Yes, it's safe in x86 asm, and existing libc strlen(3) implementations take advantage of this in hand-written asm. And even glibc's fallback C, but it compiles without LTO so it it can never inline. It's basically using C as a portable assembler to create machine code for one function, not as part of a larger C program with inlining. But that's mostly because it also has potential strict-aliasing UB, see my answer on the linked Q&A. You probably also want a GNU C __attribute__((may_alias)) typedef instead of plain unsigned long as your wider type, like __m128i etc. already use.
It's safe because an aligned load will never cross a higher alignment boundary, and memory protection happens with aligned pages, so at least 4k boundaries1
Any naturally-aligned load that touches at least 1 valid byte can't fault. It's also safe to just check if you're far enough from the next page boundary to do a 16-byte load, like if (p & 4095 > (4096 - 16)) do_special_case_fallback. See the section below about that for more detail.
It's also generally safe in C compiled for x86, as far as I know. Reading outside an object is of course Undefined Behaviour in C, but works in C-targeting-x86. I don't think compilers explicitly / on purpose define the behaviour, but in practice it works that way.
I think it's not the kind of UB that aggressive compilers will assume can't happen while optimizing, but confirmation from a compiler-writer on this point would be good, especially for cases where it's easily provable at compile-time that an access goes out of past the end of an object. (See discussion in comments with #RossRidge: a previous version of this answer asserted that it was absolutely safe, but that LLVM blog post doesn't really read that way).

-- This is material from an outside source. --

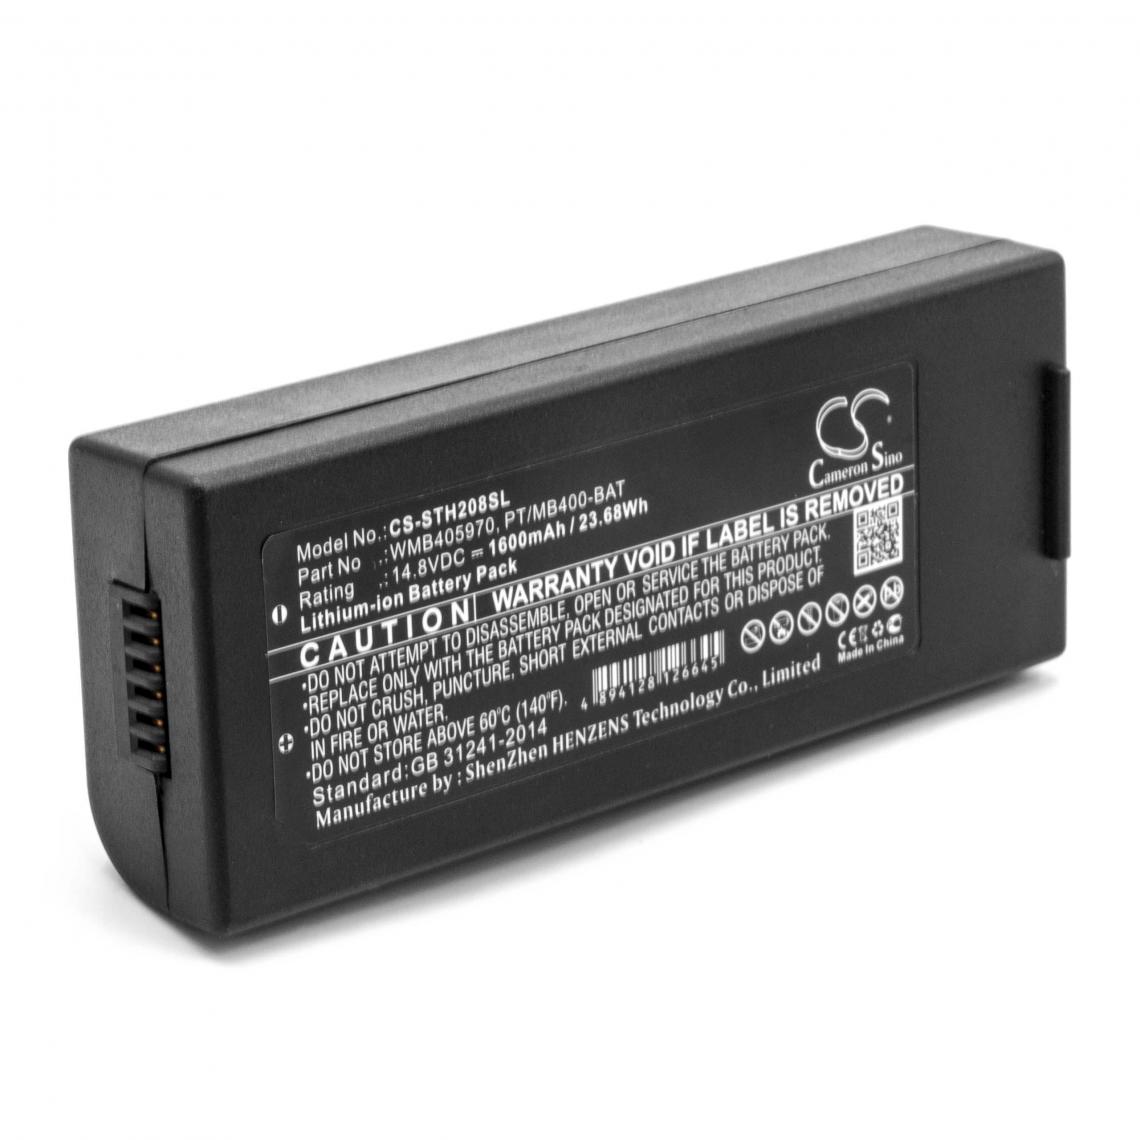 Vhbw - vhbw Li-Ion batterie 1600mAh (14.8V) pour imprimante photocopieur scanner imprimante à étiquette comme PT/MB400-BAT, WMB405970 - Imprimante Jet d'encre

This is required in asm to go faster than 1 byte at a time processing an implicit-length string. In C in theory a compiler could know how to optimize such a loop, but in practice they don't so you have to do hacks like this. Until that changes, I suspect that the compilers people care about will generally avoid breaking code that contains this potential UB.
There's no danger when the overread isn't visible to code that knows how long an object is. A compiler has to make asm that works for the case where there are array elements as far as we actually read. The plausible danger I can see with possible future compilers is: after inlining, a compiler might see the UB and decide that this path of execution must never be taken. Or that the terminating condition must be found before the final not-full-vector and leave that out when fully unrolling.
The data you get is unpredictable garbage, but there won't be any other potential side-effects. As long as the your program isn't affected by the garbage bytes, it's fine. (e.g. use bithacks to find if one of the bytes of a uint64_t are zero, then a byte loop to find the first zero byte, regardless of what garbage is beyond it.)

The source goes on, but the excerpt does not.